About this exercise:
Line by line, transcribe the data below exactly and pass over the images.

Dataset excerpt:

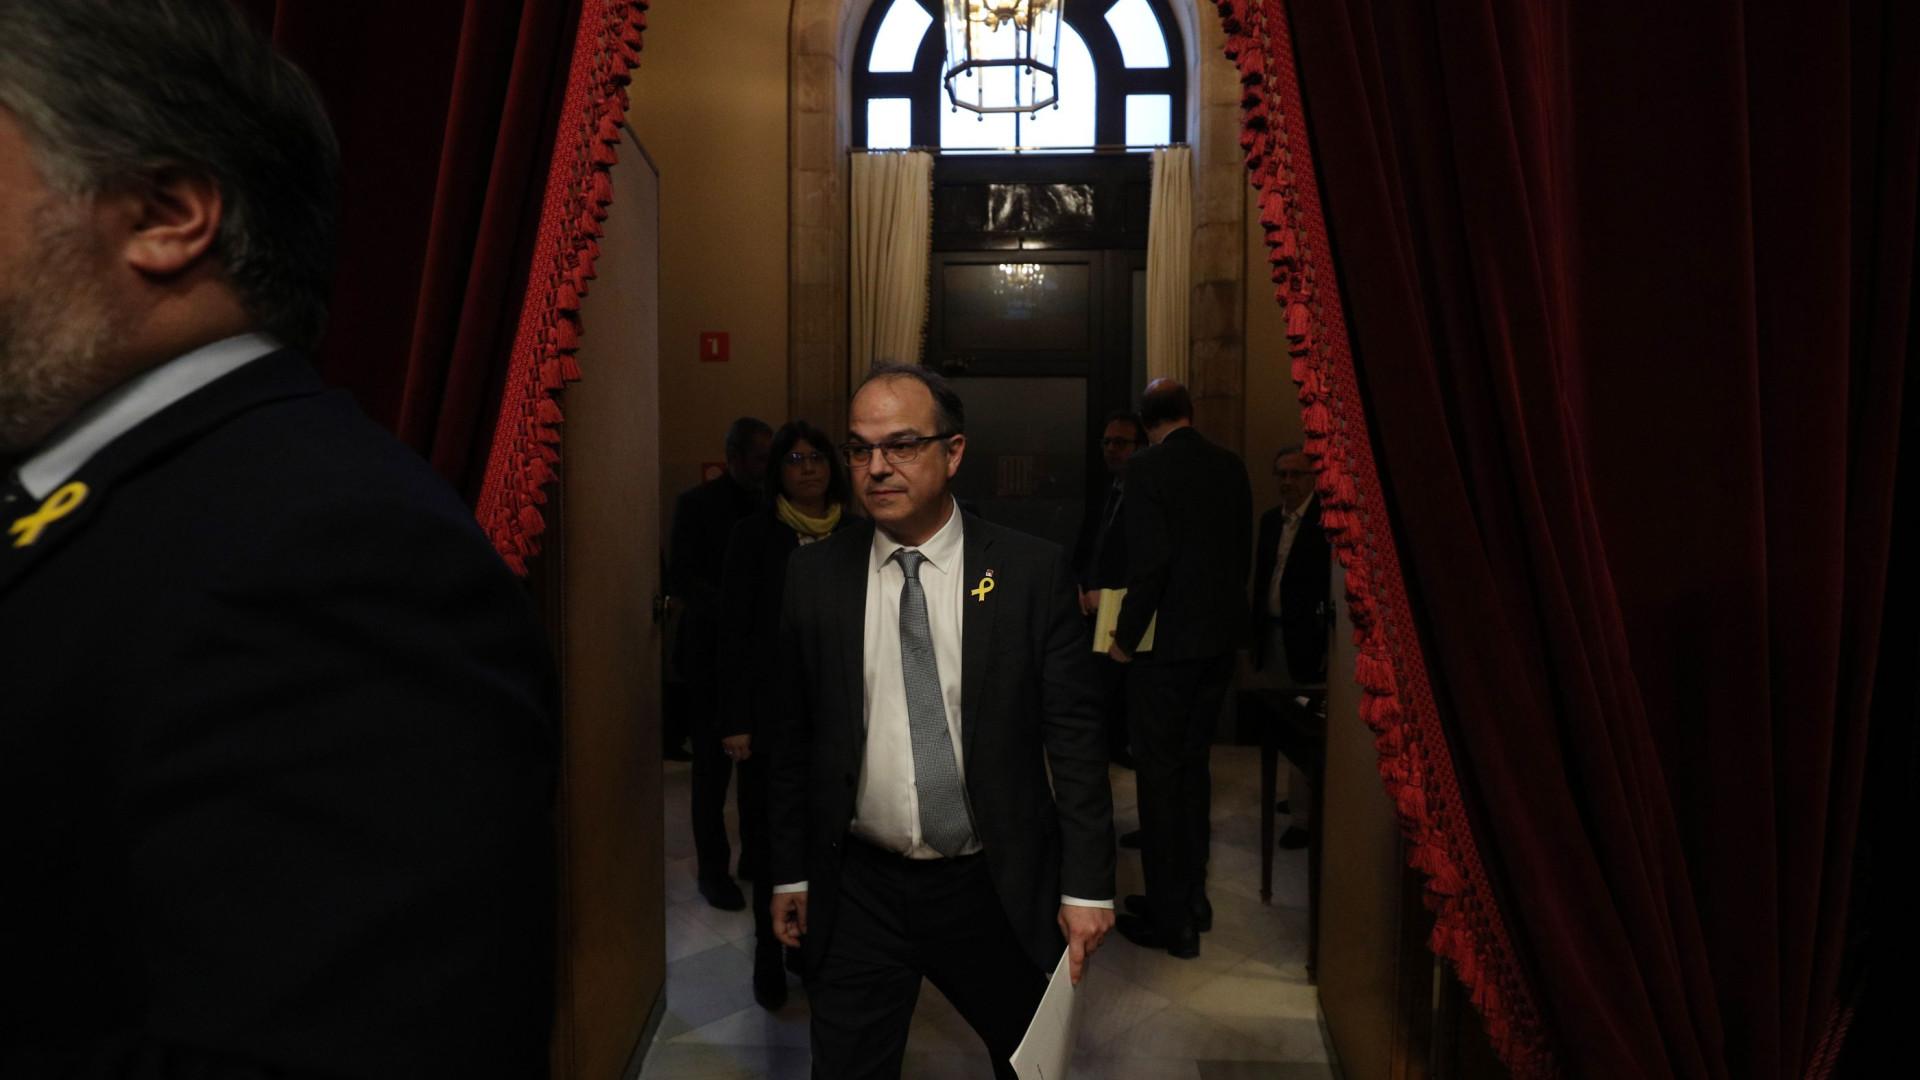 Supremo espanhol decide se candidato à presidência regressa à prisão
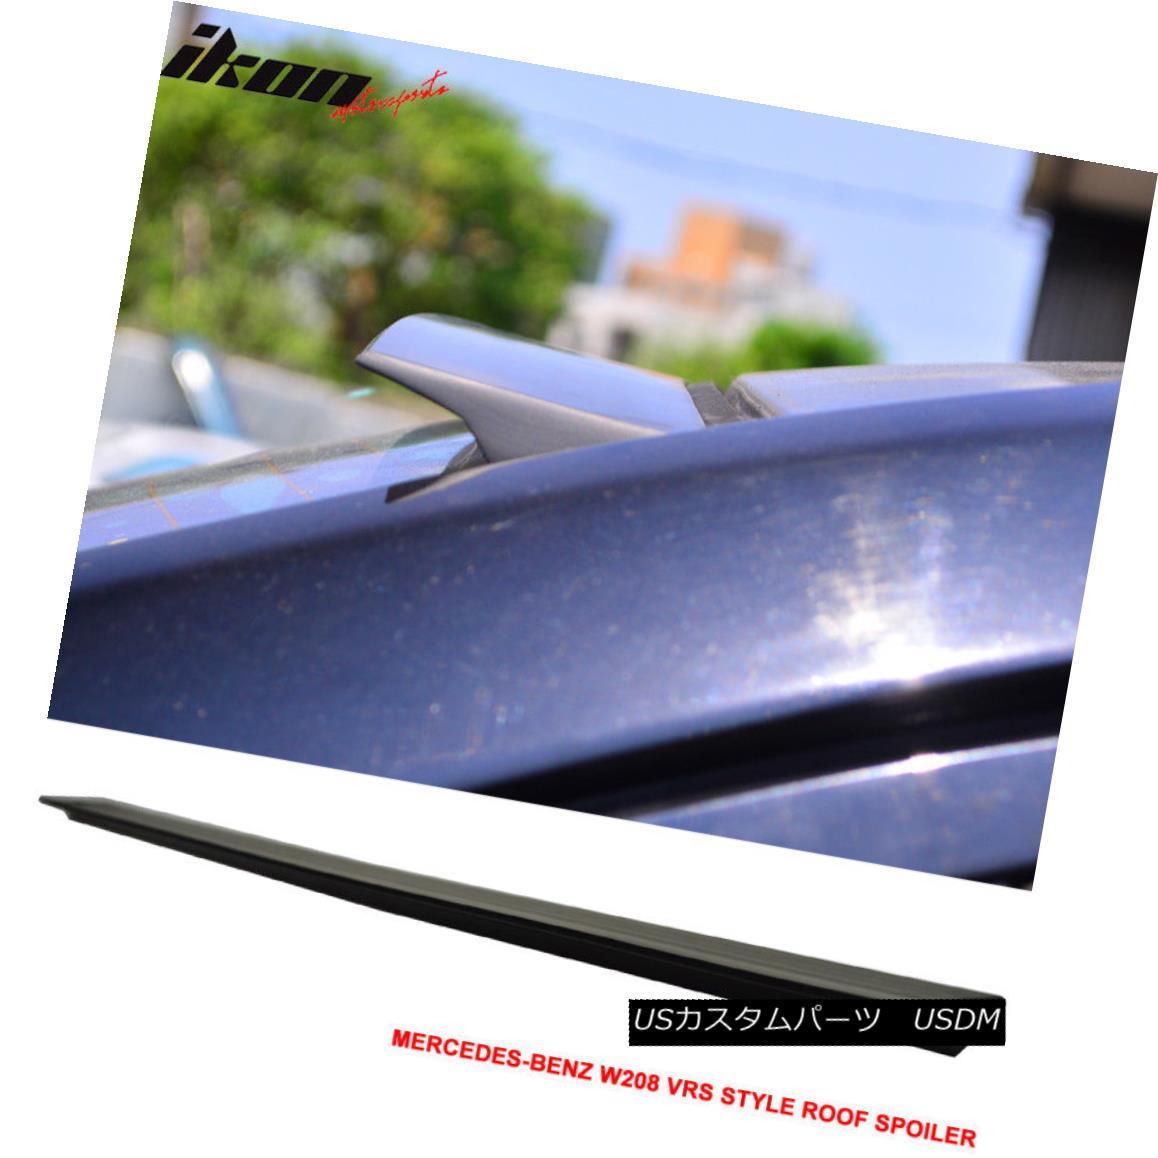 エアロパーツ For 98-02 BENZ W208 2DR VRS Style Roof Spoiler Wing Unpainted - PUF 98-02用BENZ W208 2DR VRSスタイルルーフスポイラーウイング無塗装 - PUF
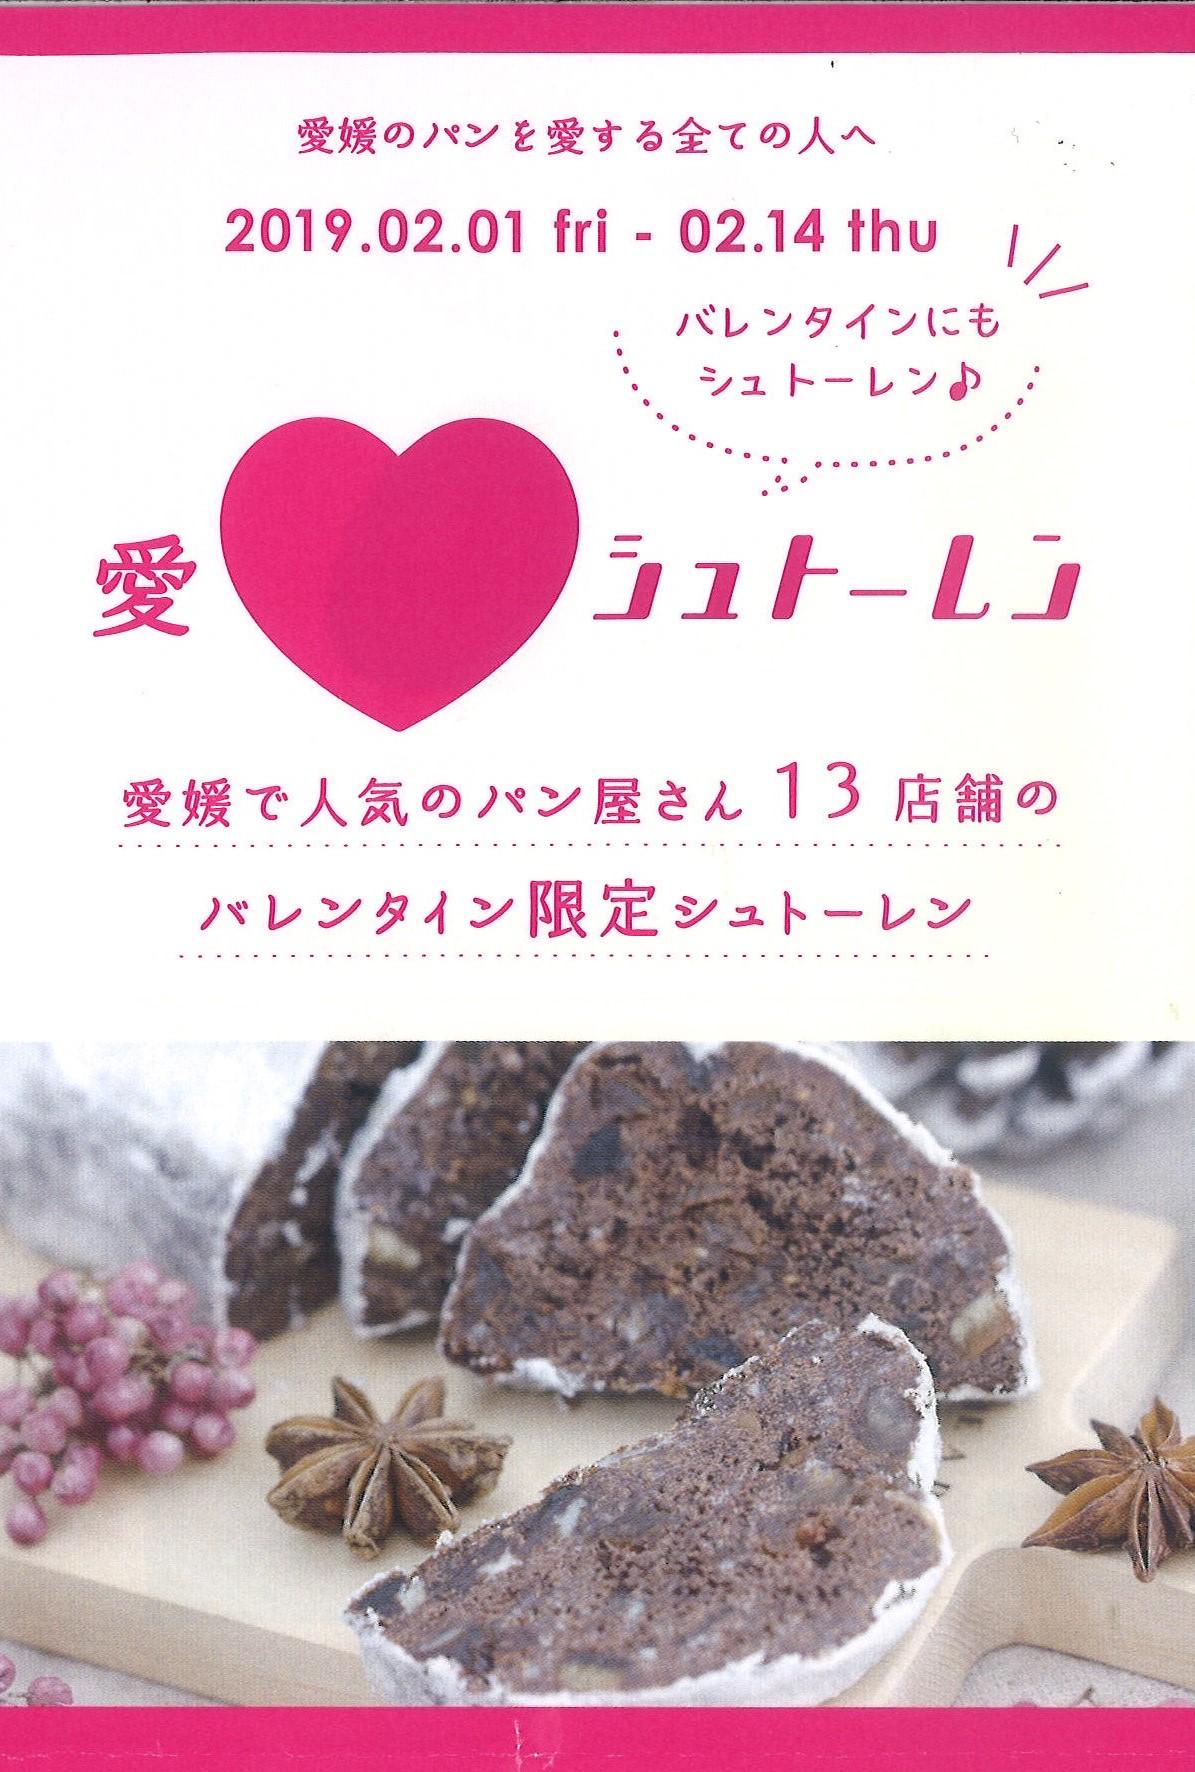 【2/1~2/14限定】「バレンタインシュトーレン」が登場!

Solution below:
 Supremo espanhol decide se candidato à presidência regressa à prisão
 エアロパーツ For 98-02 BENZ W208 2DR VRS Style Roof Spoiler Wing Unpainted - PUF 98-02用BENZ W208 2DR VRSスタイルルーフスポイラーウイング無塗装 - PUF
 【2/1~2/14限定】「バレンタインシュトーレン」が登場!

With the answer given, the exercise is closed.